Sterilization and stability studies

The FT-NE formulation was sterilized through filtration. Approximately 5.0 mL of the FT-NE formulation was filtered through 0.22 μm polyethersulfone (PES) and 0.22 μm Durapore^® membranes using a 13-mm stainless steel filtration set. Postfiltration formulation stability, with respect to drug content and physical and chemical characteristics, was evaluated at 4°C, 25°C, and 40°C storage conditions.

In vitro drug release

In vitro release from the FT-NE lead formulation was studied in triplicate using a dialysis method at 34.0 ± 0.5°C to simulate the ocular surface temperature.²⁵ FT-S was used as the control formulation. The receiving media comprised 20 mL phosphate buffer saline (PBS, pH 7.4). Drug release/diffusion was studied through a semipermeable membrane (Slide-A-Lyzer^® MINI Dialysis Devices, 10K molecular weight cutoff) at 900 rpm using a multistation magnetic stirrer. At definite intervals, 1.0 mL of the sample was withdrawn and replaced with fresh receiving media. Drug concentration in the samples was determined using the HPLC method. Percent drug release was plotted as a function of time.
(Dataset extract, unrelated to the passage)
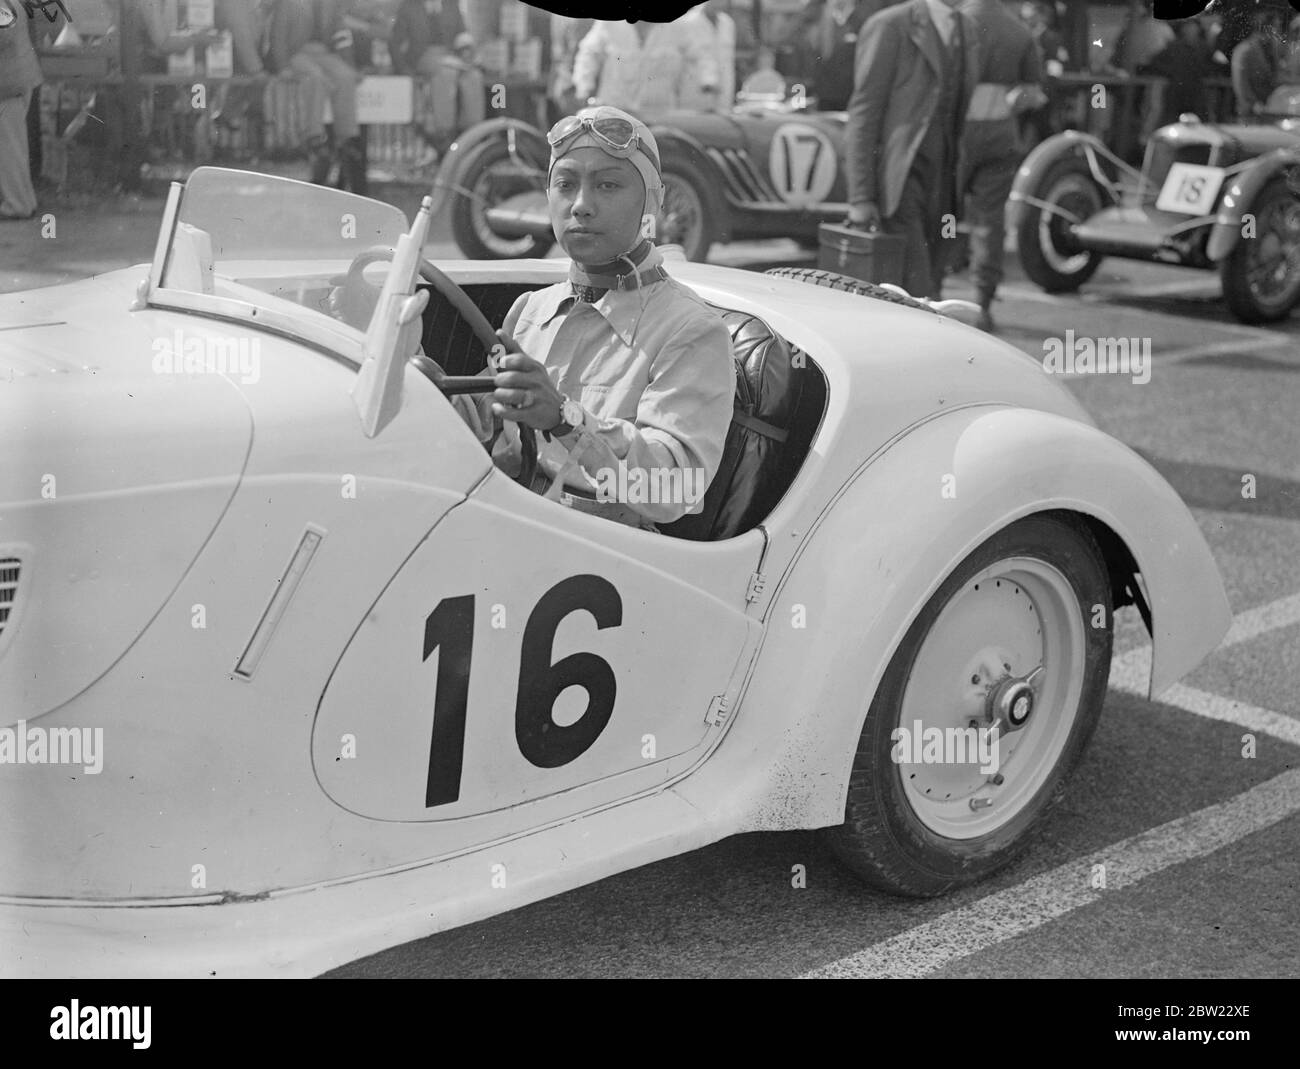 Prince Bura (Burabongse) la gara internazionale del Trofeo turistico del Royal Automobile Club si è tenuta a Donington Park, vicino a Derby, e copre le 312 miglia in quattro ore 35 minuti 27 secondi ad una velocità media di 68.7 miglia all'ora. Questa fu la prima volta che la gara si era svolta in Inghilterra dal 1928 al 1936. 4 settembre 1937. Foto Stock

In vivo studies in SD rats

The SD rats were randomly divided into two groups, and each group received eye drops of either the placebo NE formulation or the NE formulation containing 0.3% (w/v) FT twice a day (BID) for 10 days. Ocular irritation was qualitatively assessed through visual observations by monitoring redness or changes in tearing or blinking rate. After 10 days, the rats were euthanized, and the eyes were enucleated. Retina and vitreous were collected from the enucleated eyes, snap-frozen in liquid nitrogen, and stored at −80°C until processed for lipidomic analysis.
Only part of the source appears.